Complete step by step solution
It is given that; $7^{th}$ term of HP is \[\dfrac{1}{{10}}\] $12^{th}$ term is \[\dfrac{1}{{25}}\].
Therefore, $7^{th}$ term of AP is 10 and $12^{th}$ term is 25.
Now, the $n^{th}$ term of AP is \[{t_n} = a + (n - 1)d\].
So, \[a + 6d = 10 - - - (1)\]
And
\[a + 11d = 25 - - - (2)\]
Subtract (1) from (2) to obtain the value of d.
\[a + 11d - a - 6d = 25 - 10\]
\[5d = 15\]
\[d = 3\]
Substitute 3 for d in (1) to obtain the value of a.
\[\begin{array}{l}a + 6 \times 3 = 10\\a = 10 - 18\\a = - 8\end{array}\]
The $20^{th}$ term is \[{t_{20}} = a + 19d\]
Substitute 3 for d and -8 for a in the equation \[{t_{20}} = a + 19d\] to obtain the $20^{th}$ term of AP.
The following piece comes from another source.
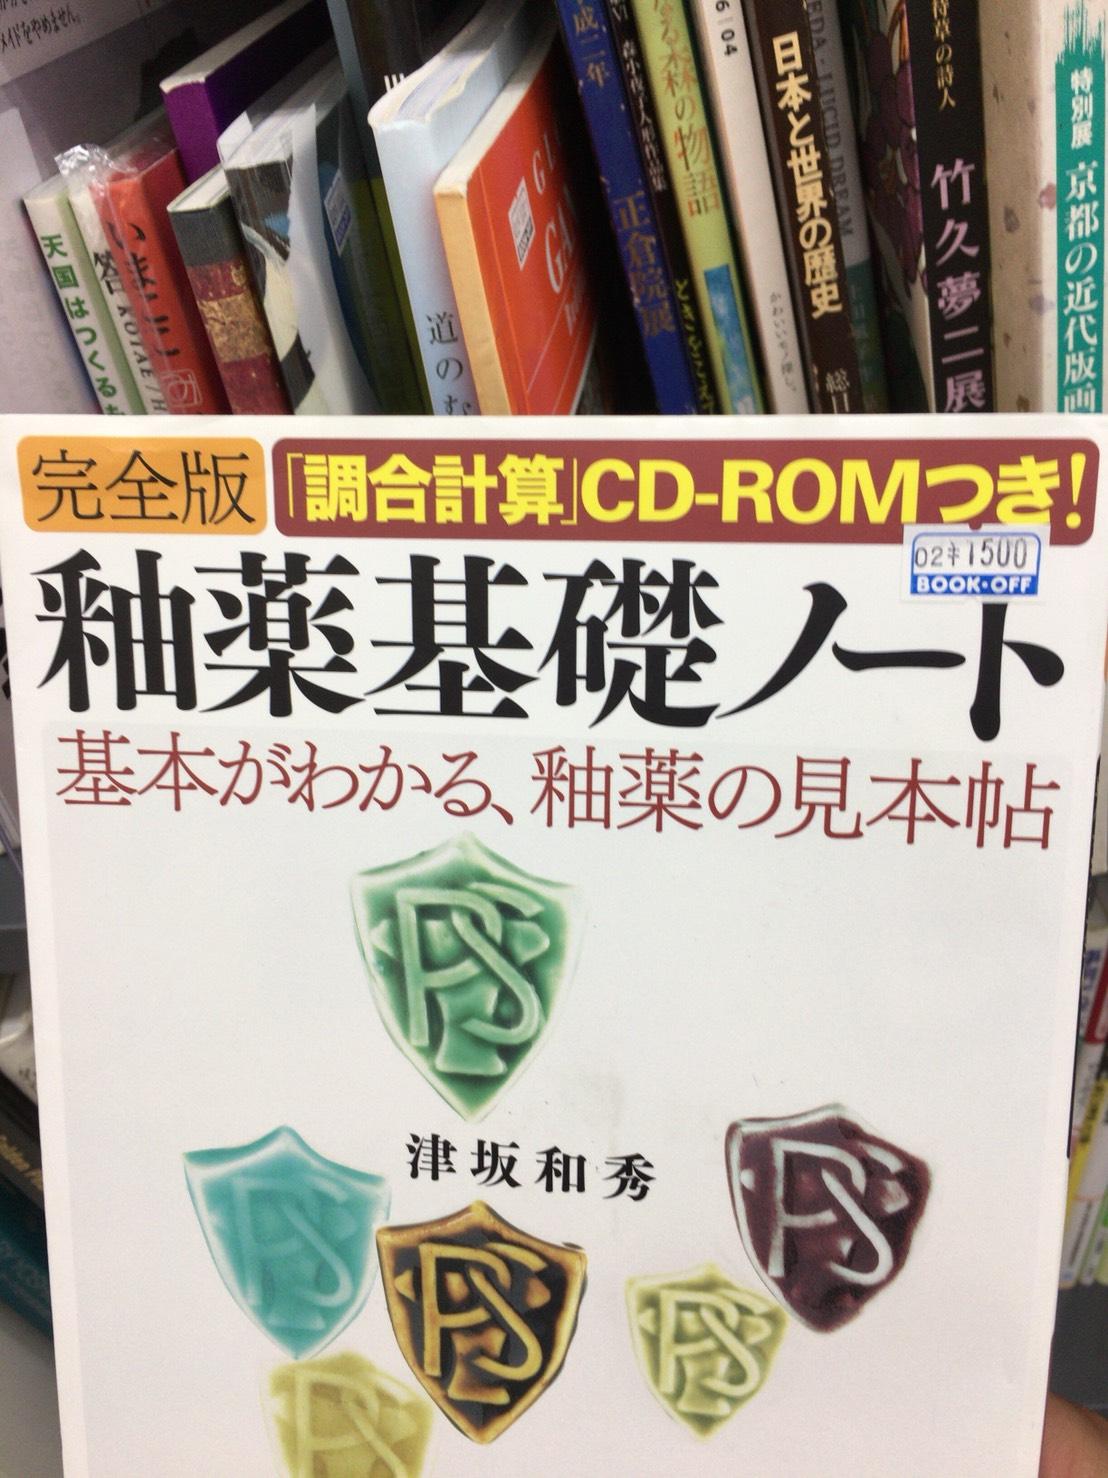 1500円→9800円とか余裕♪

\[\begin{array}{I}{t_{20}} = - 8 + 19 \times 3\\ = - 8 + 57\\ = 49\end{array}\]
Therefore, the $20^{th}$ term of HP is \[\dfrac{1}{{49}}.\]

The correct option is C.

Note: Recall the concept that “if \[\dfrac{1}{a}\] is $n^{th}$ term of HP then a is the $n^{th}$ term of AP”- by using this concept students can easily solve this type of problems. Sometimes students solve the problem directly with HP which leads to a critical calculation. Other than that, convert the terms of HP into AP and then solve the problem easily.